Detective Superintendent Chris Gibson led the most recent investigation.

“We never close a case until it is solved and today we have been able to get justice for Amy and closure for her family," he said.

“Kay now has a life sentence ahead of him in which to consider the consequences of his actions. He has been brought to justice thanks to advances in DNA technology and some excellent police work.

“Kay might have thought that he had ‘got away’ with what he did but the advances in DNA techniques mean that we are increasingly able to bring people to justice for their crimes, even if they were committed many years previously.”

Kay will serve a minimum sentence of 17 years before he can be considered for release.

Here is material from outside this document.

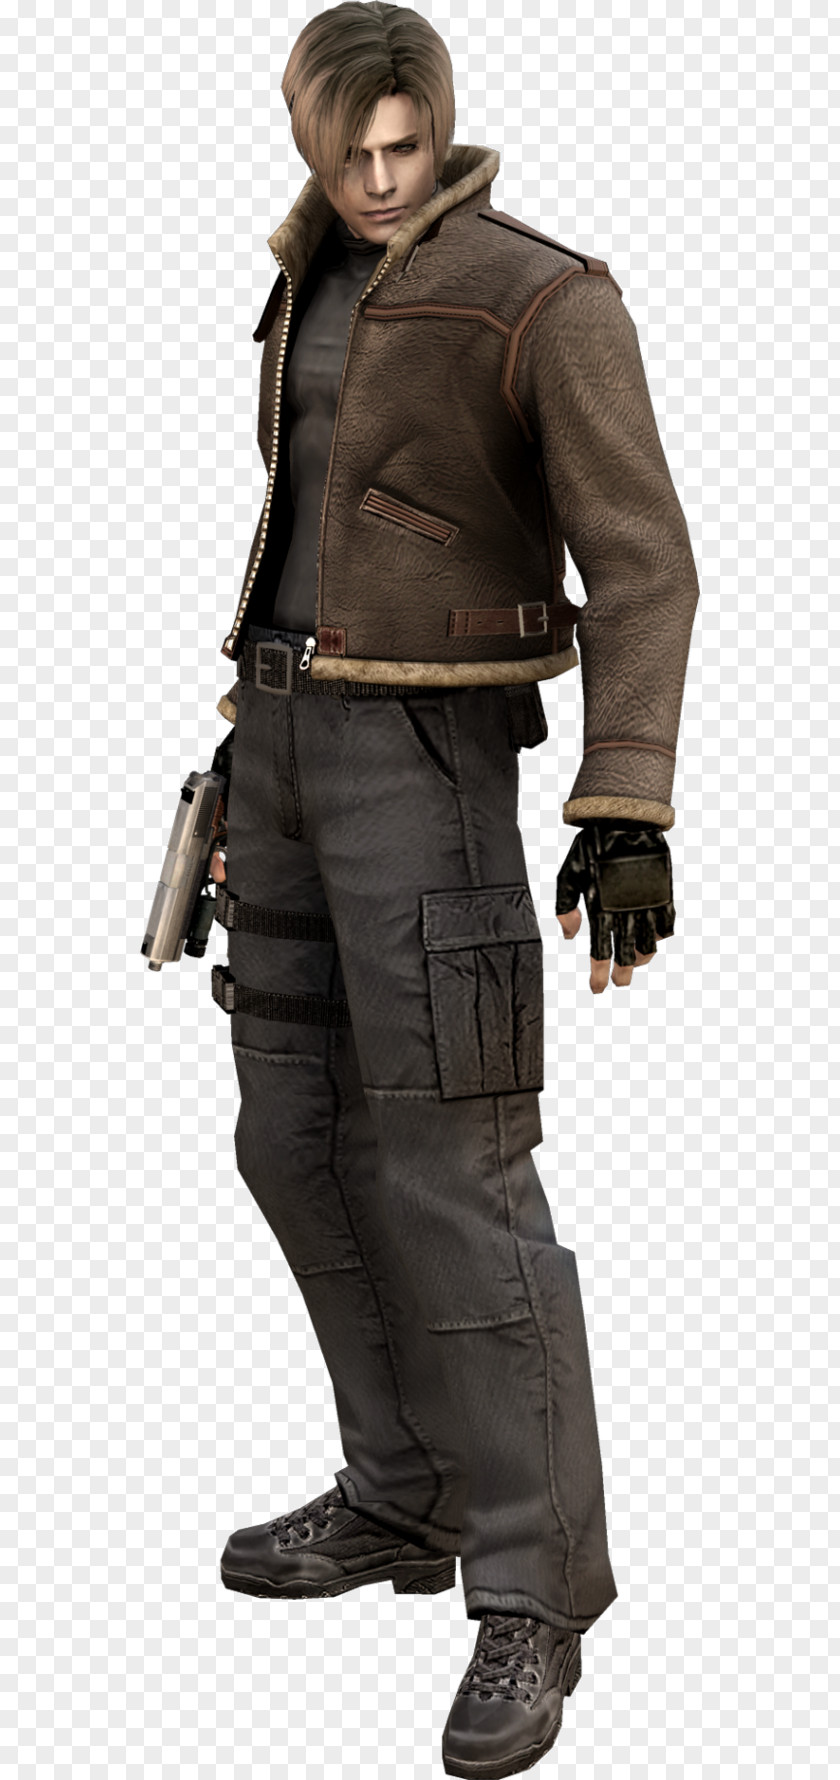 Leon Resident Evil 4 6 2 Minecraft S. Kennedy PNG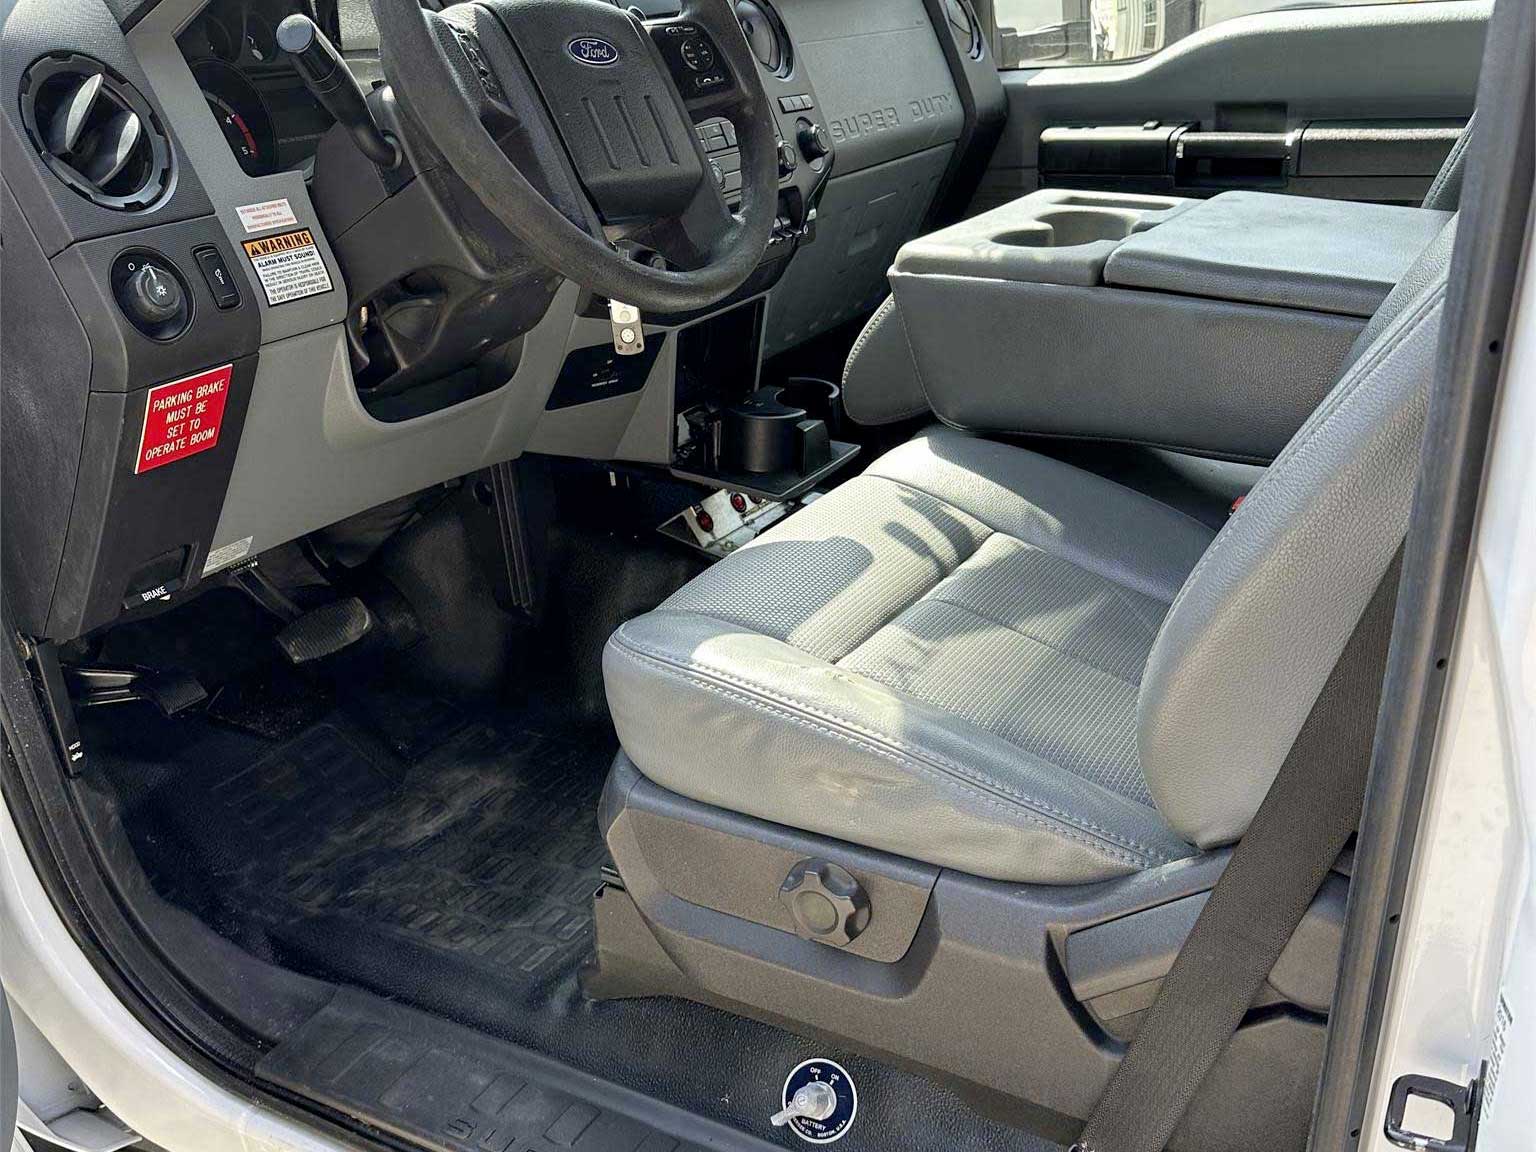 The interior of a white ford truck

Mark Burns-Williamson, Police and Crime Commissioner for West Yorkshire (PCC) said: “This case demonstrates just how crucial it is that we have a team set up specifically to crack historical unsolved murders and serious cases in taking advantage of the forensic and scientific investigation processes now available.

“It’s important that no murder investigation is closed until no stone has been left unturned and justice is done. I am pleased that the investment agreed to fund this crucial unit continues to be vindicated and that their painstaking work has now led to this latest conviction and hopefully some sort of closure for the family of Amy, and my thoughts are with them today.”